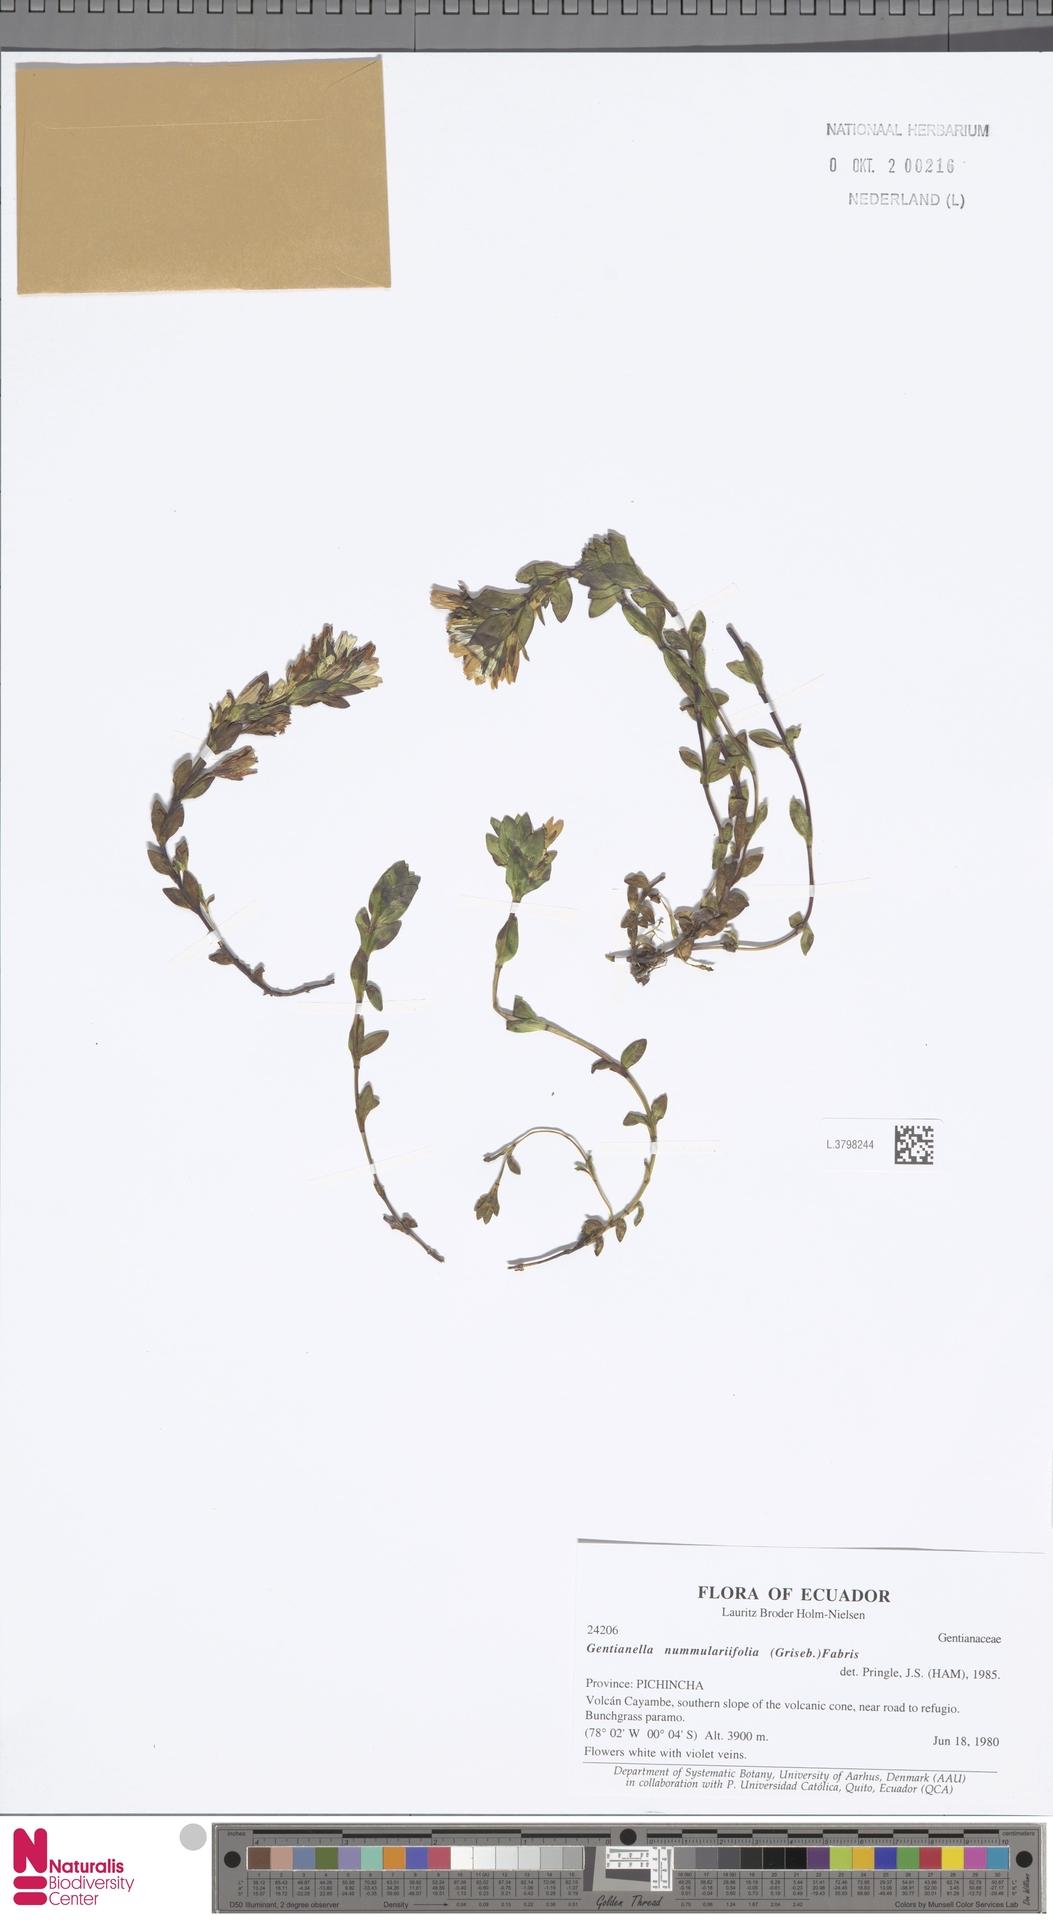 L.3798244 | Gentianella nummularifolia (Griseb.) Fabris
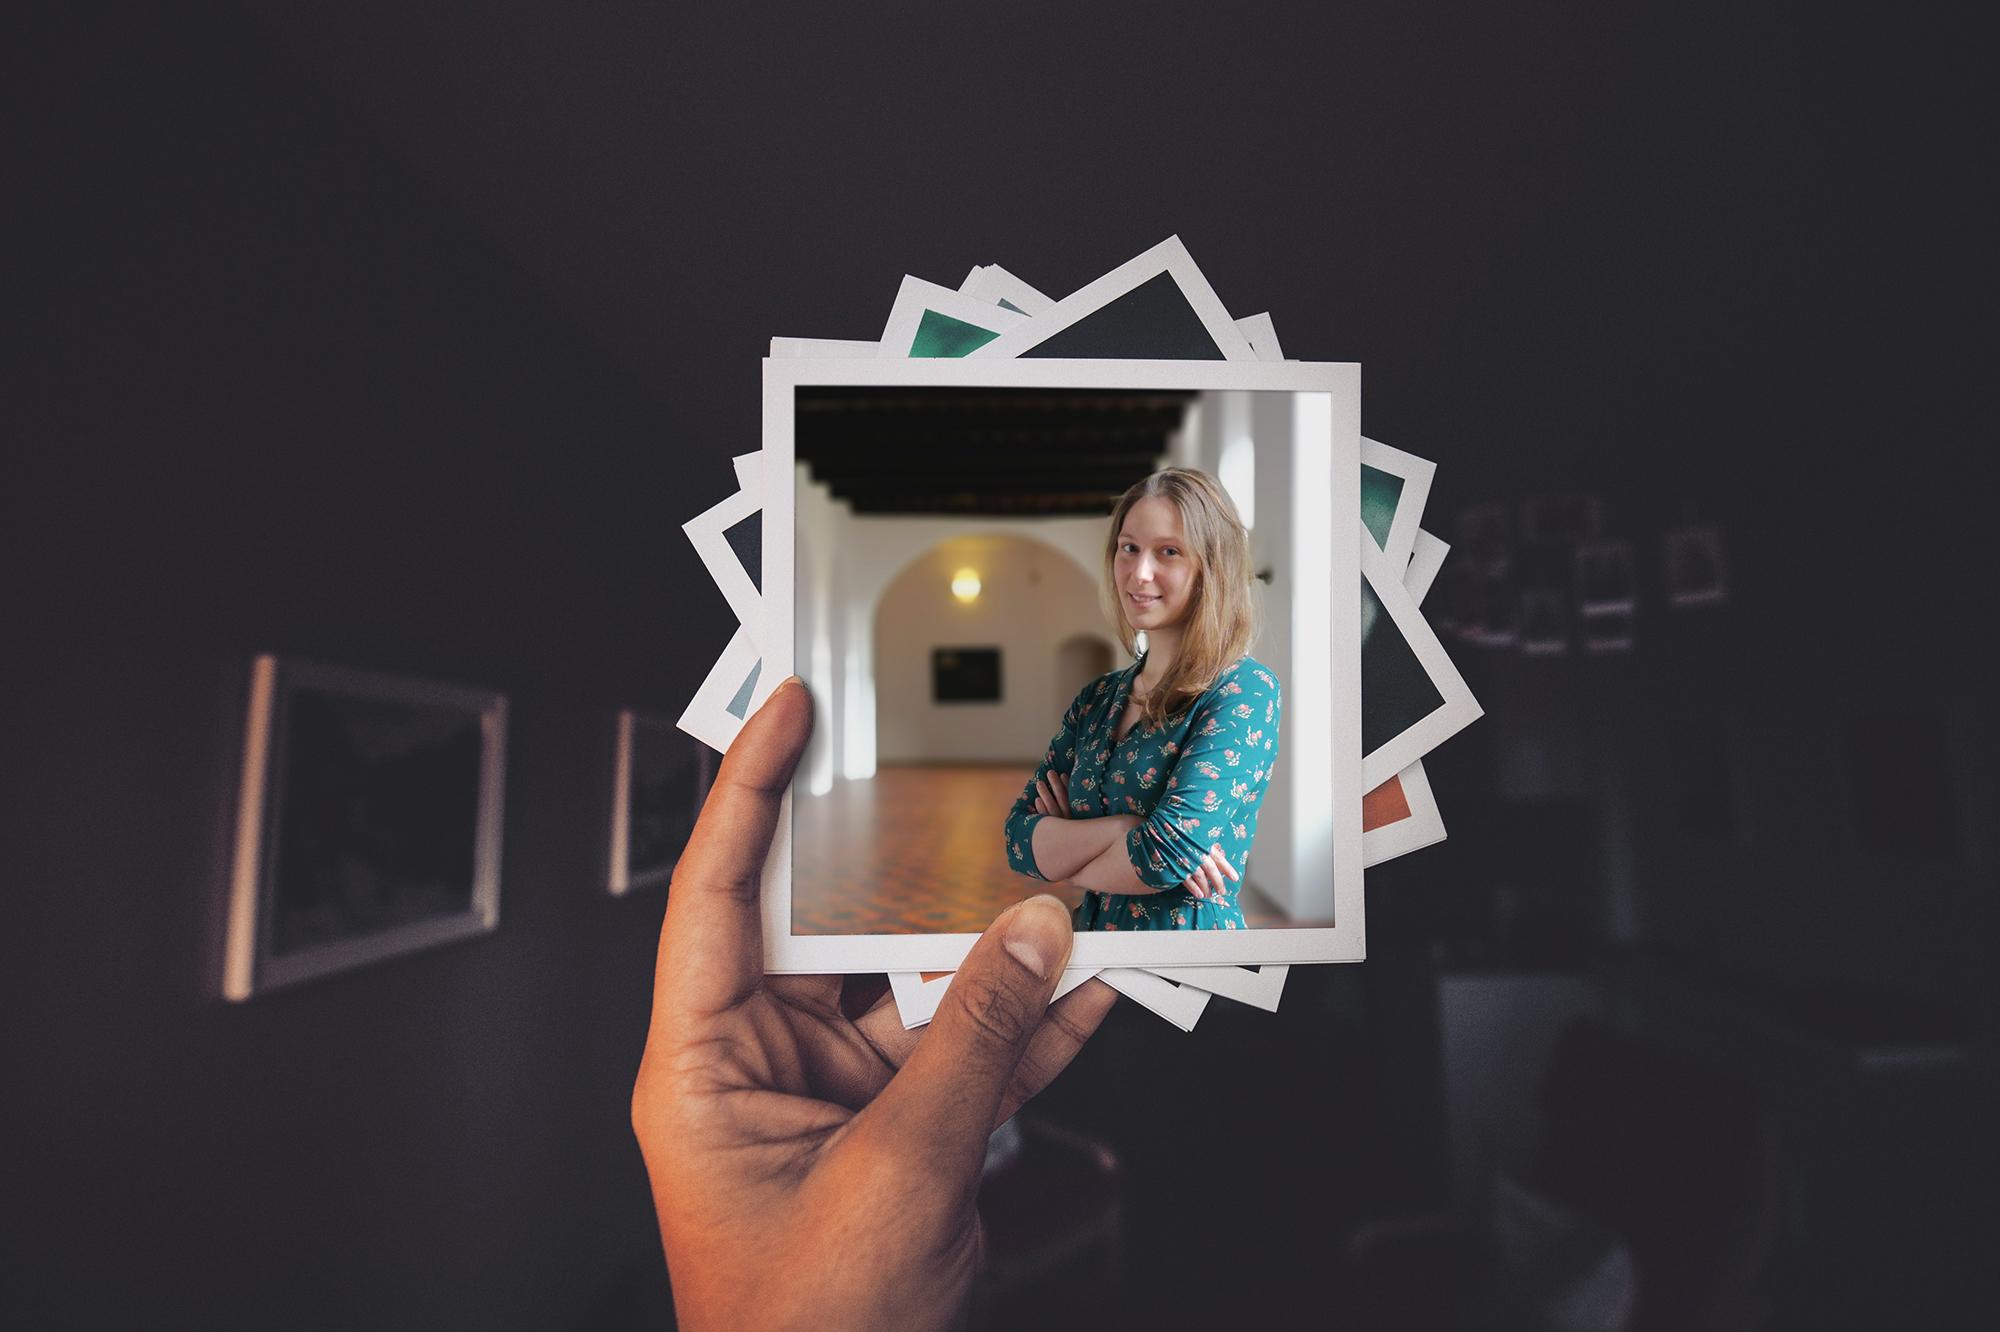 Liesbeth Degryse, educatief medewerker CCV Brugge © Portret en collage Sim D'Hertefelt, frame Unsplash
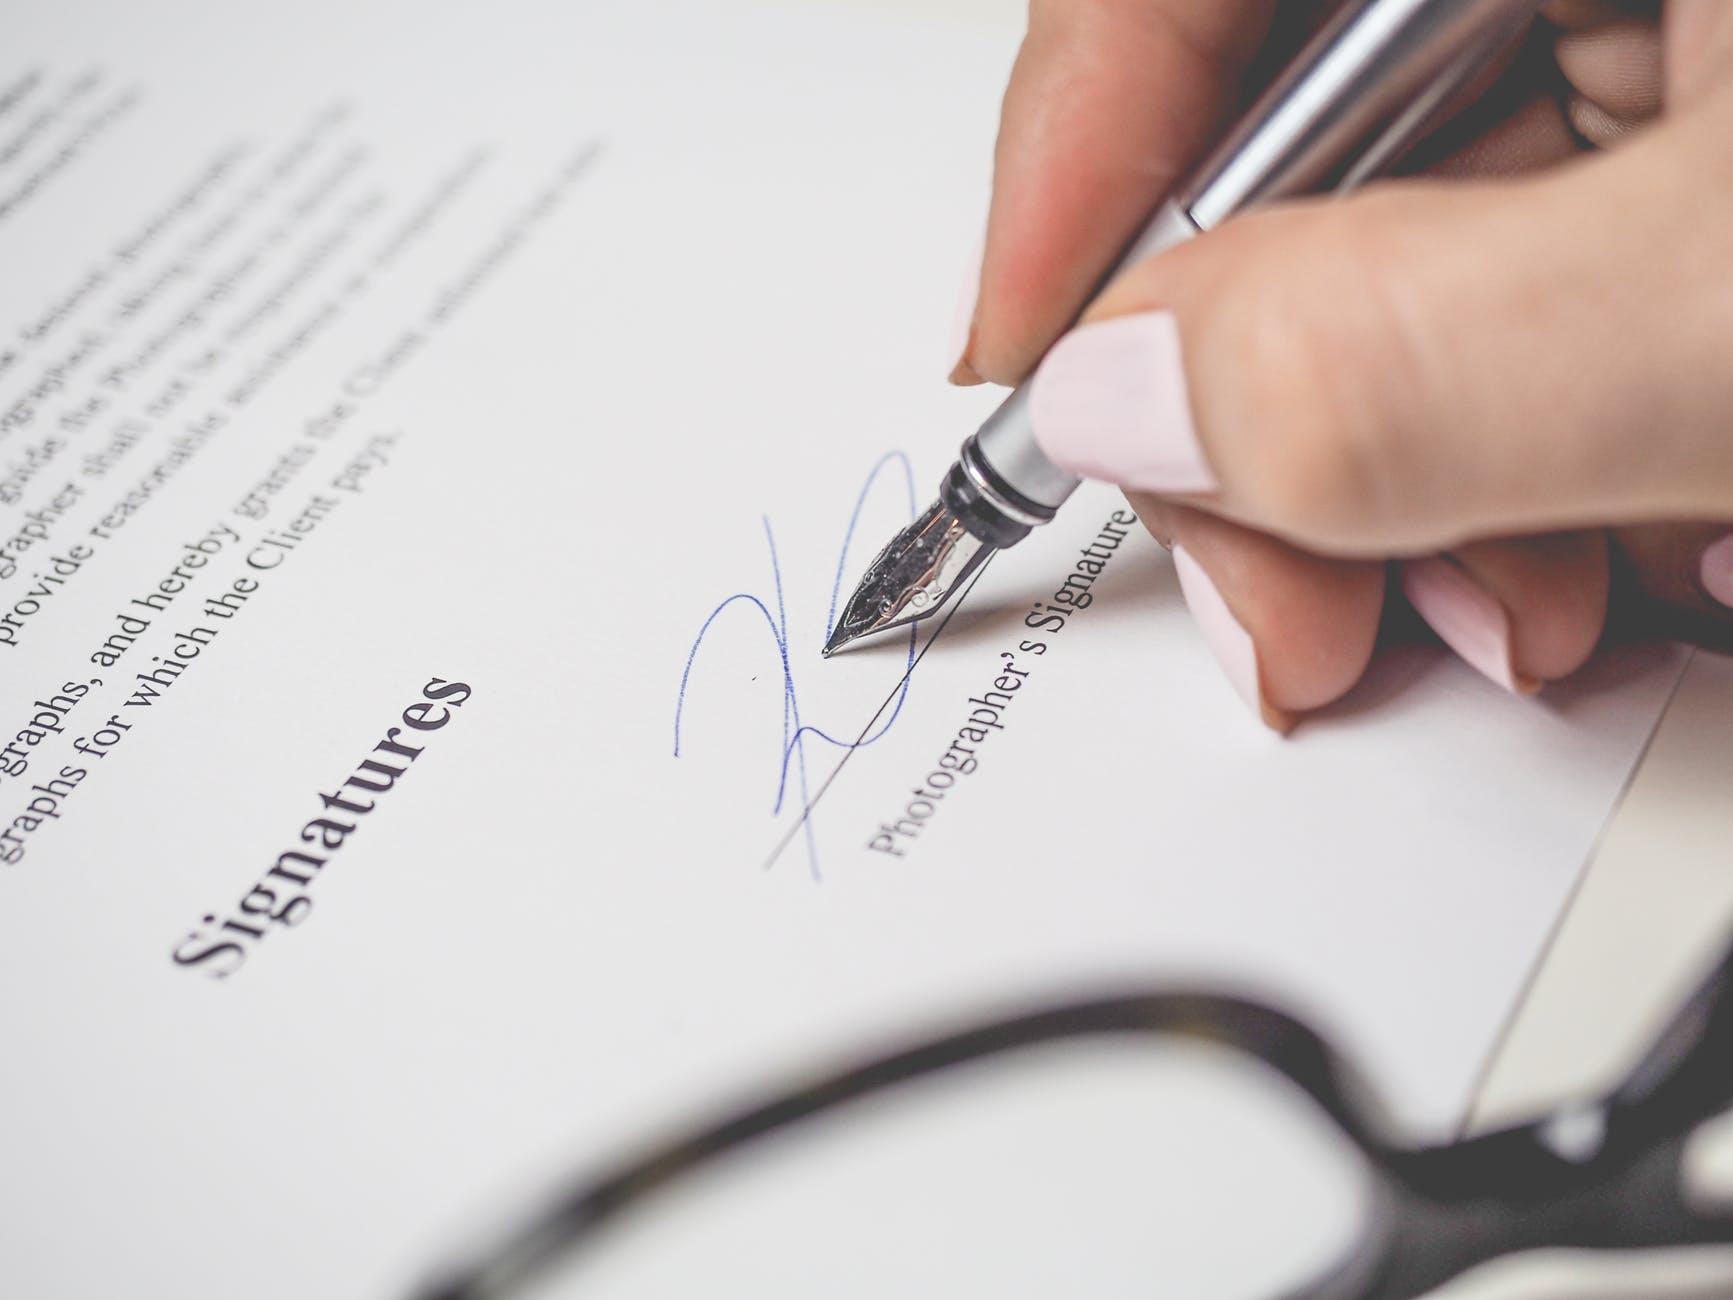 Contoh Surat Perjanjian untuk Melindungi Transaksi Bisnis

What is needed:
Apart from the images, reproduce the listing exactly as it appears.

Finished exercise:
 L.3798244 | Gentianella nummularifolia (Griseb.) Fabris
 Liesbeth Degryse, educatief medewerker CCV Brugge © Portret en collage Sim D'Hertefelt, frame Unsplash
 Contoh Surat Perjanjian untuk Melindungi Transaksi Bisnis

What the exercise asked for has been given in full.